Is Trolling a Cry for Attachment?
Briefly

Is Trolling a Cry for Attachment?
"What do we make of trolling from a psychological point of view? Is it a new unrestrained form of sadism unleashed by the internet? Is it a form of obsessive compulsive disorder, externalized via memes? Or is it a cry for attachment? A perverse form of inviting community and fellowship? This latter claim is advanced by Alfie Bown in his book Post-Comedy. In it, Bown traces some of the history of comedy in the West with an aim of trying to make sense of recent forms of dark or dank comedy that have come to dominate the media space as of late."
"In a provocative claim, Bown describes trolling (the ongoing harassment of others with an aim to offend, trigger, and provoke) in terms of Freud 's castration wish. By trolling so explicitly, he argues, "trolls" have a suppressed wish to be "castrated" symbolically-to be told no-as a means of entering the community at large."

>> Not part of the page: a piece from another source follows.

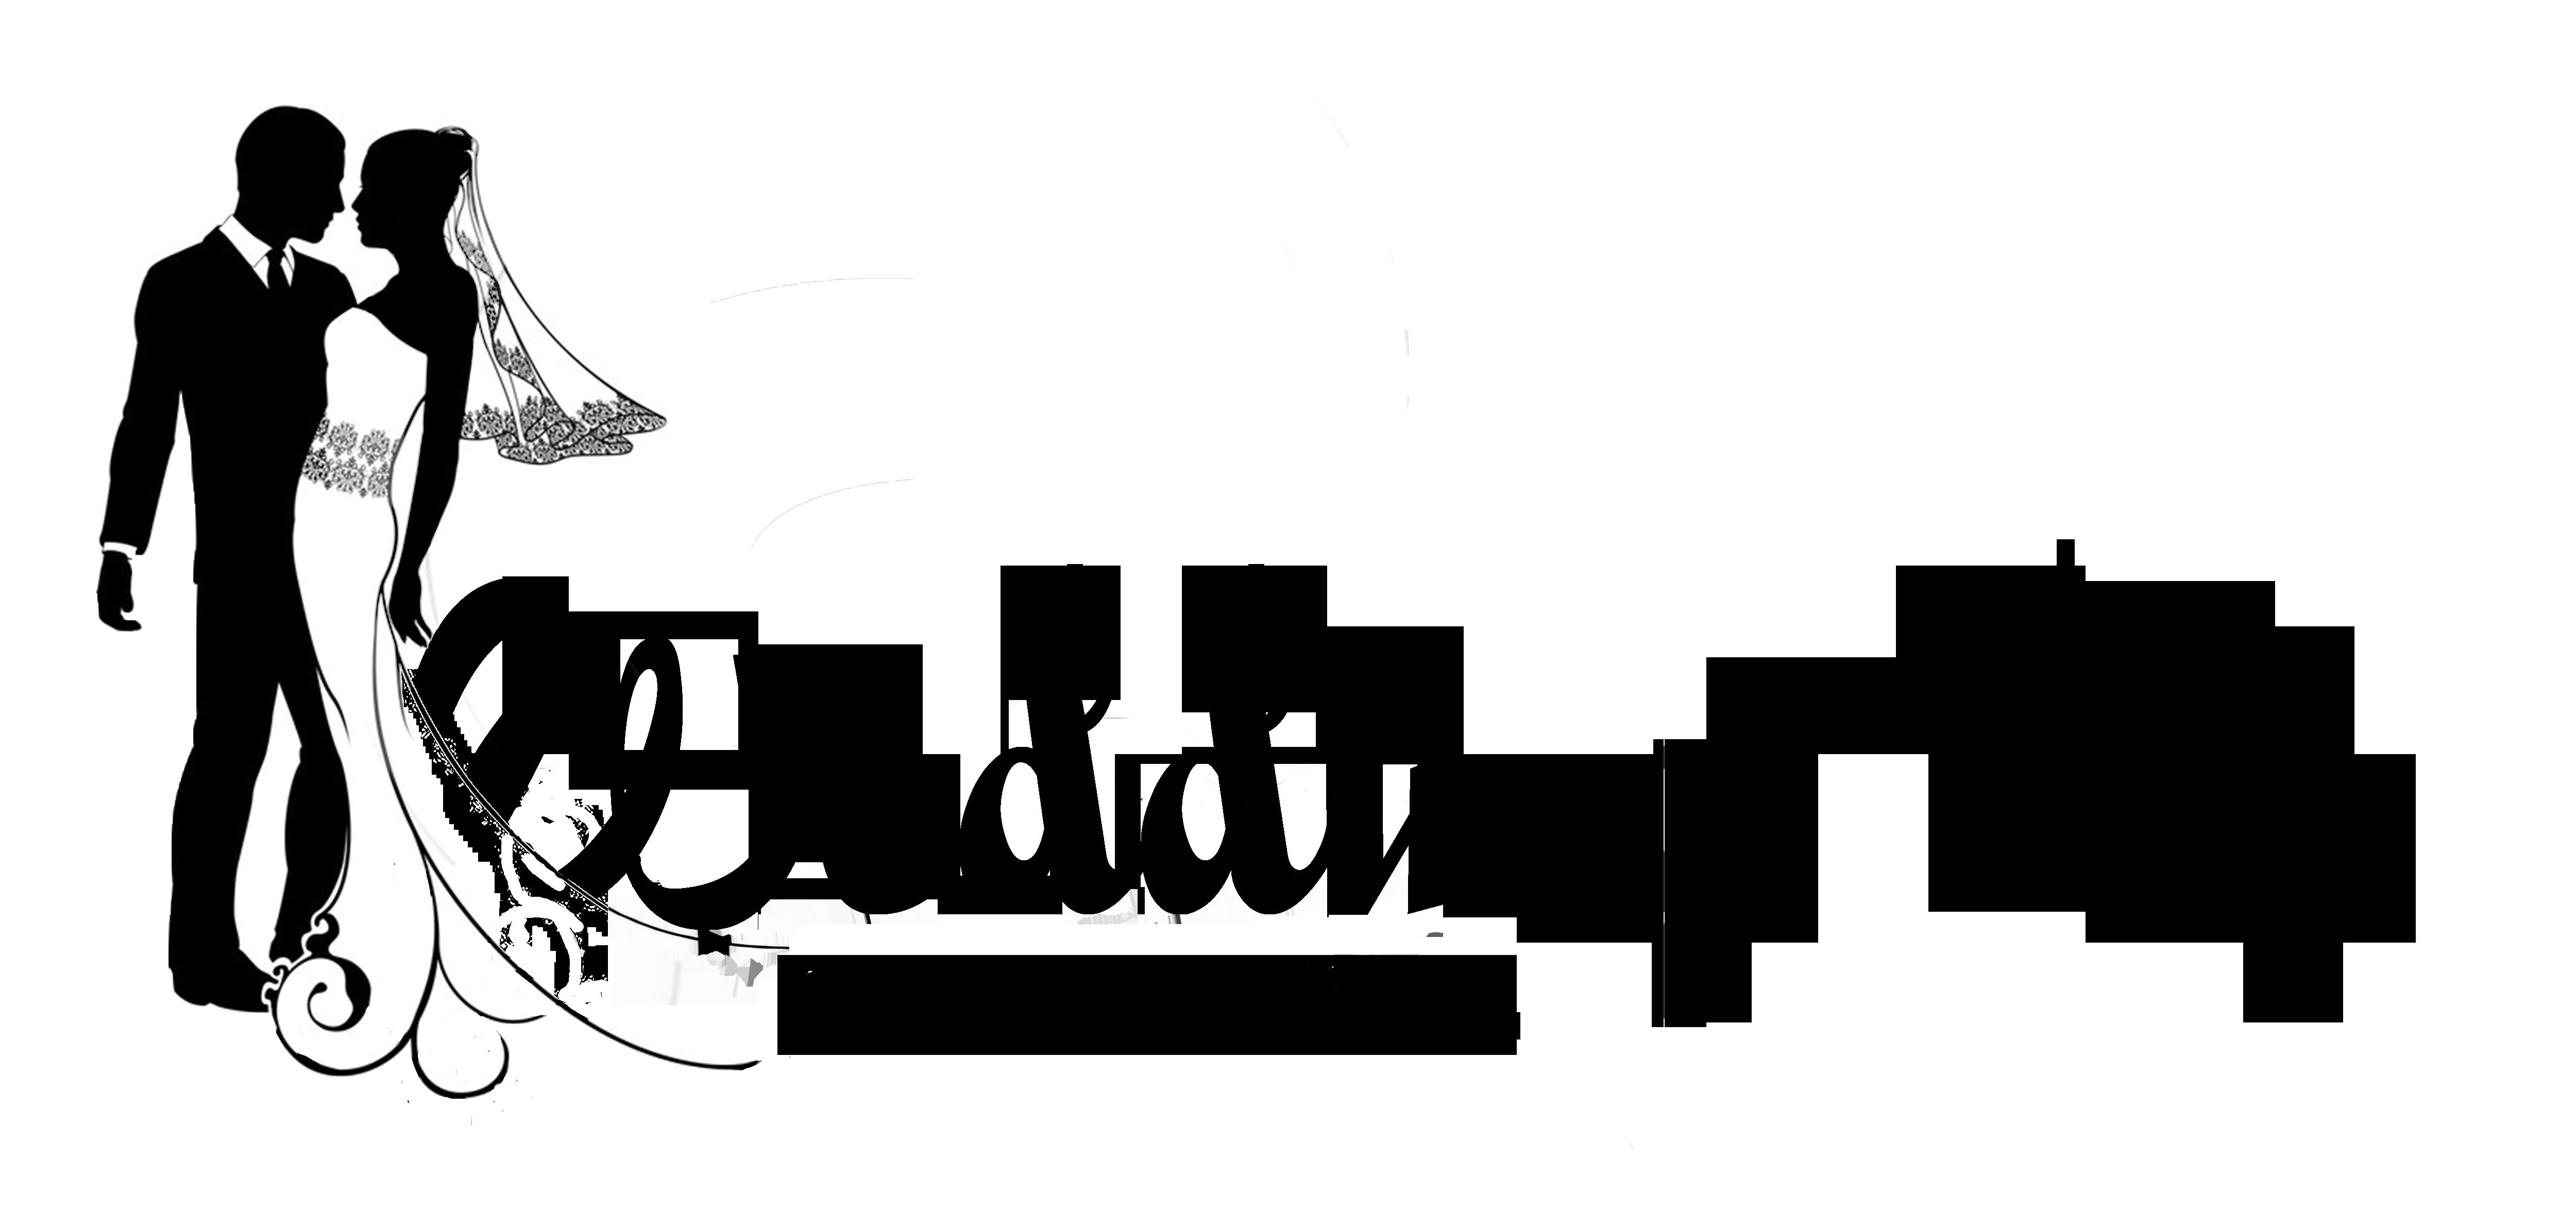 Dj clipart dj logo, Picture #925099 dj clipart dj logo.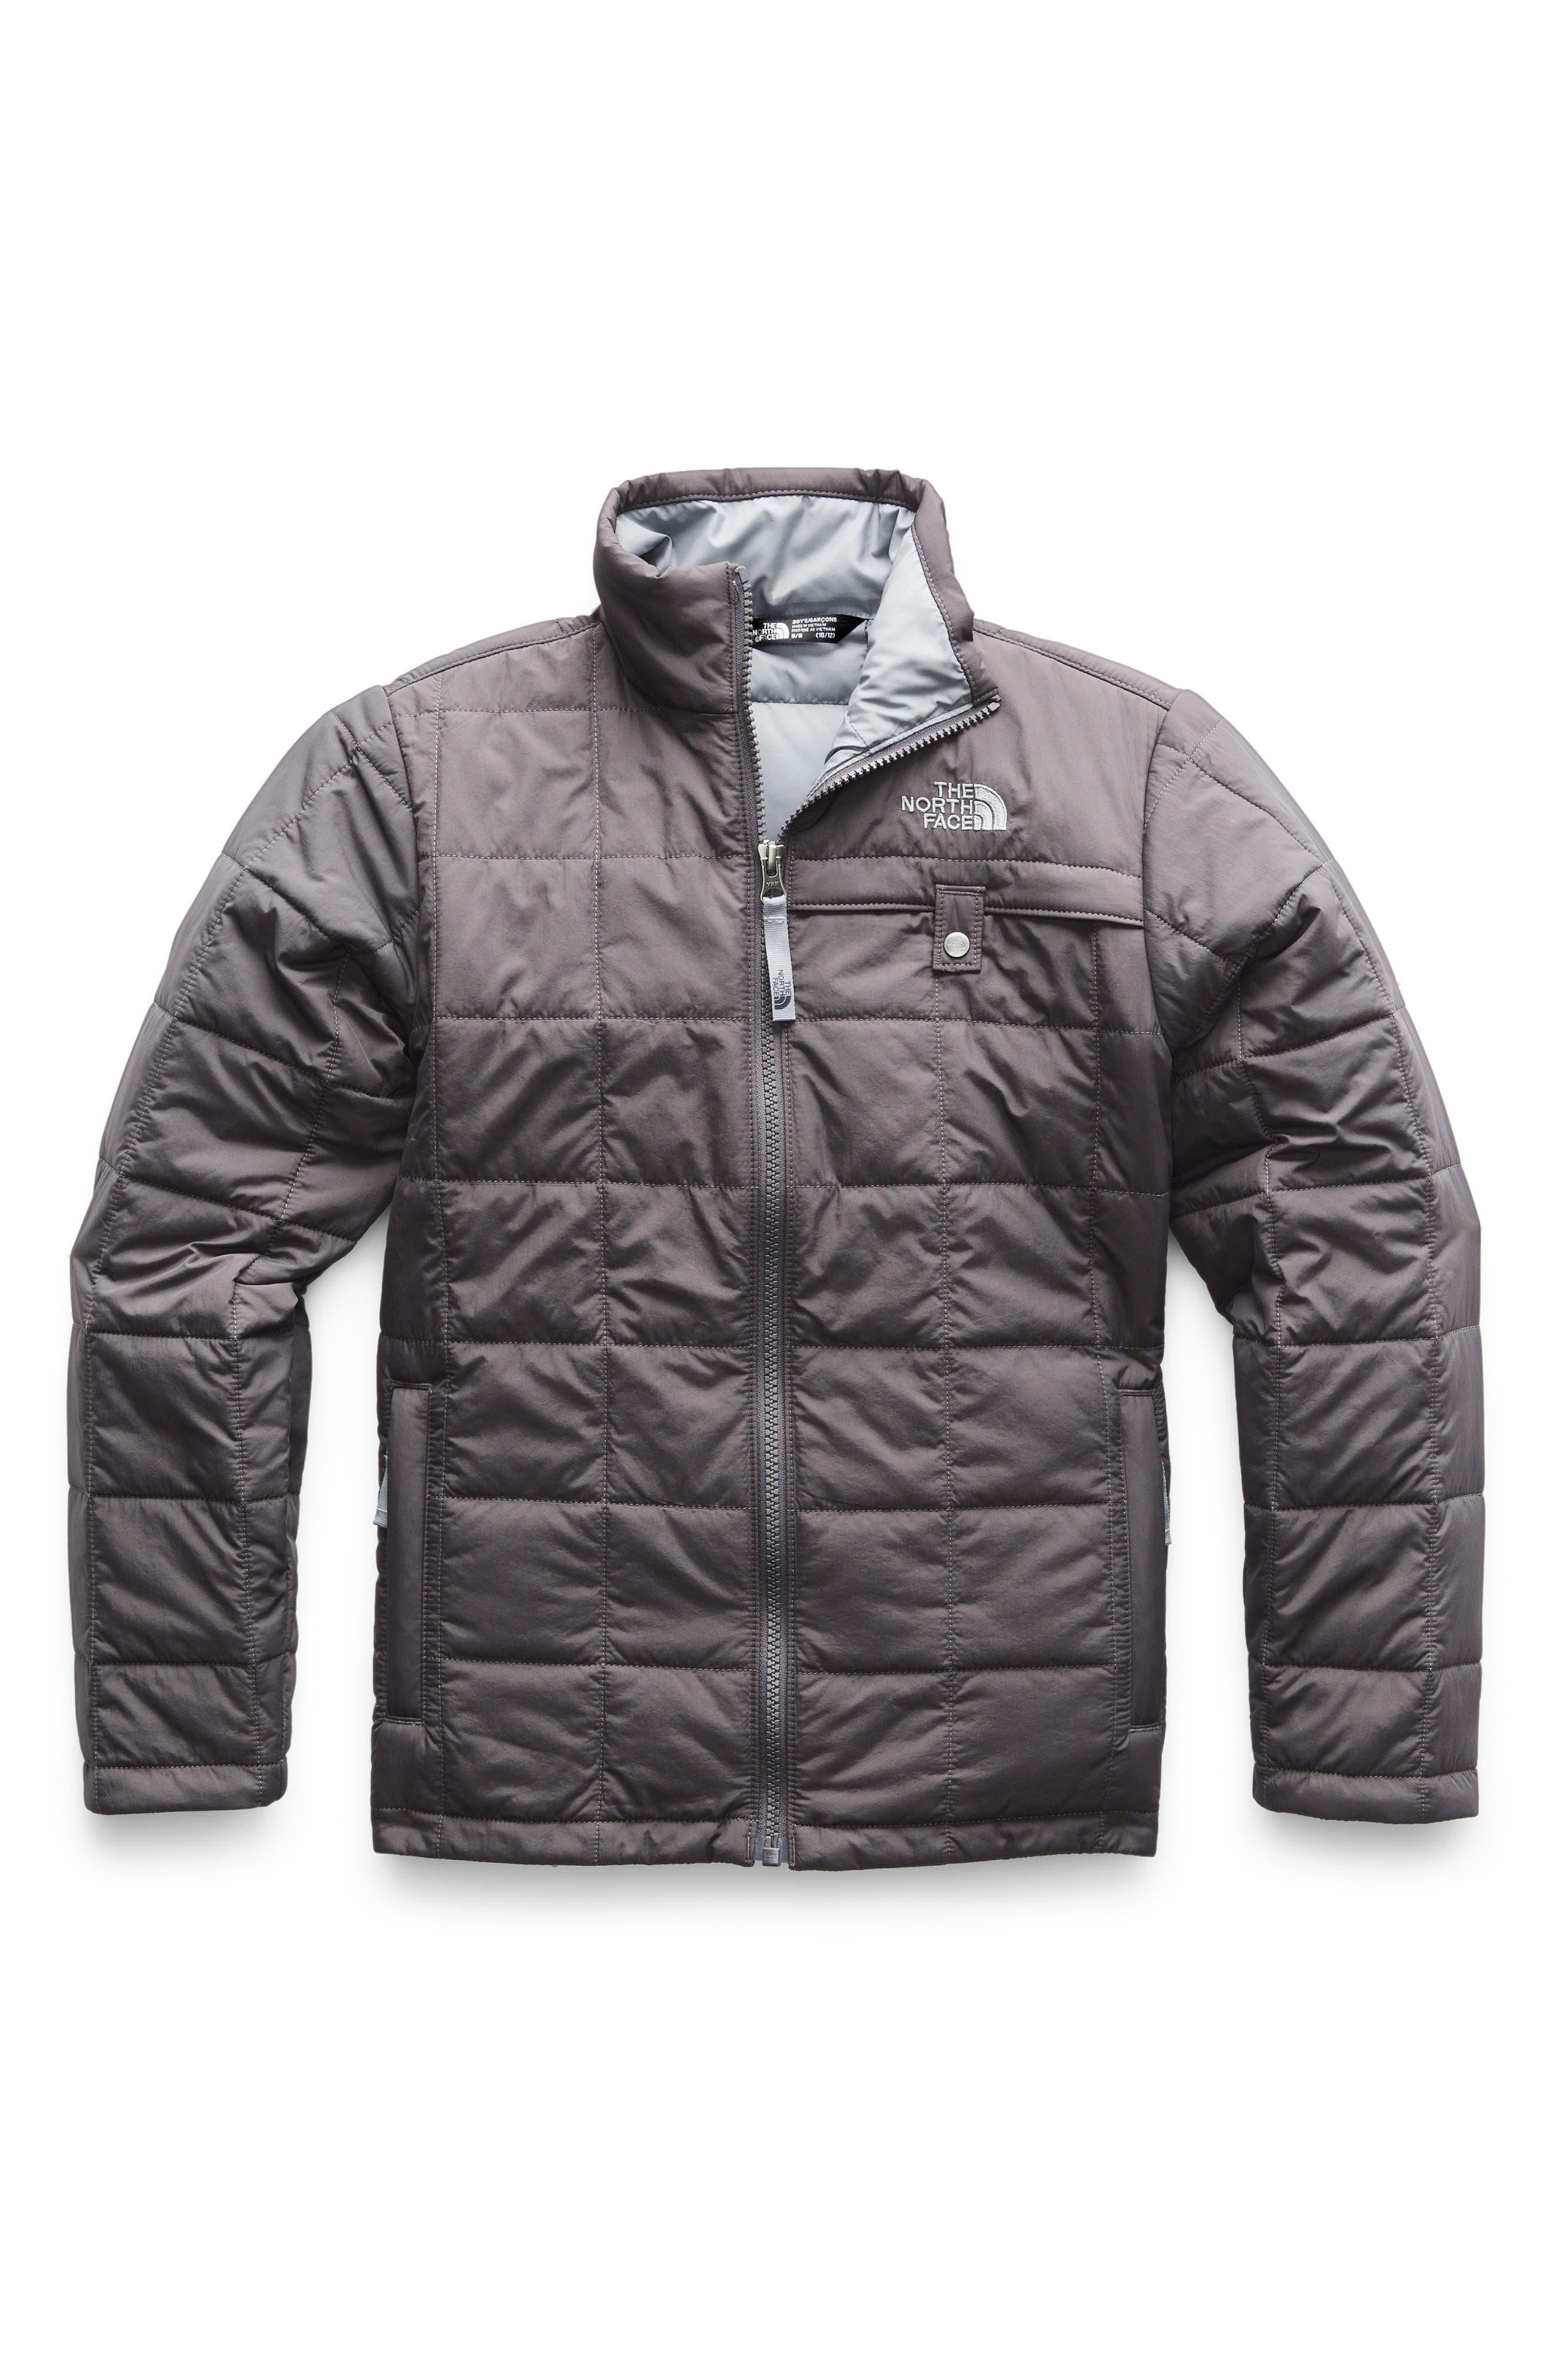 THE NORTH FACE,                             Harway Heatseaker<sup>™</sup> Jacket,                             Main thumbnail 1, color,                             022

"For Freud, early adolescent development was characterized, particularly for boys, by an emergent castration anxiety-the fear of losing one's penis. Now, Freud meant this more symbolically, in terms of the fear of losing one's independence, and perhaps one's core physiological traits, via the threat of others. "Castration," in other words, means the symbolic act of being told no, being put in one's place, in having to follow rules and restrain one's own impulses and desires."
Trolling often appears antithetical to community yet can operate as a form of community-seeking through deliberate provocation. Some analyses link trolling to a symbolic castration wish whereby explicit offense or transgression functions as an invitation to be constrained or told no, thereby gaining social recognition. Freud's castration complex frames adolescent fear of losing the penis as symbolic anxiety about losing independence and being subjected to external limits. Experiencing a 'no' can feel like a dramatic violation of freedom and can provoke resistance; contemporary dark or dank comedy and online provocation can express these relational dynamics.